*** DATA ***

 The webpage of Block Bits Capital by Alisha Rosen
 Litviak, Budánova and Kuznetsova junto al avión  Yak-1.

*** End of DATA ***
*** DATA ***

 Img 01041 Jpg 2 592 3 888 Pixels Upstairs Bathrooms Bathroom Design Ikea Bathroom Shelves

*** End of DATA ***

> TASK TO COMPLETE:
I'd like the lines above from the one with "The webpage of" up to and including the one with "Litviak, Budánova and" copied exactly, with no other lines.

> ANSWER FOR THIS EXERCISE:
 The webpage of Block Bits Capital by Alisha Rosen
 Litviak, Budánova and Kuznetsova junto al avión  Yak-1.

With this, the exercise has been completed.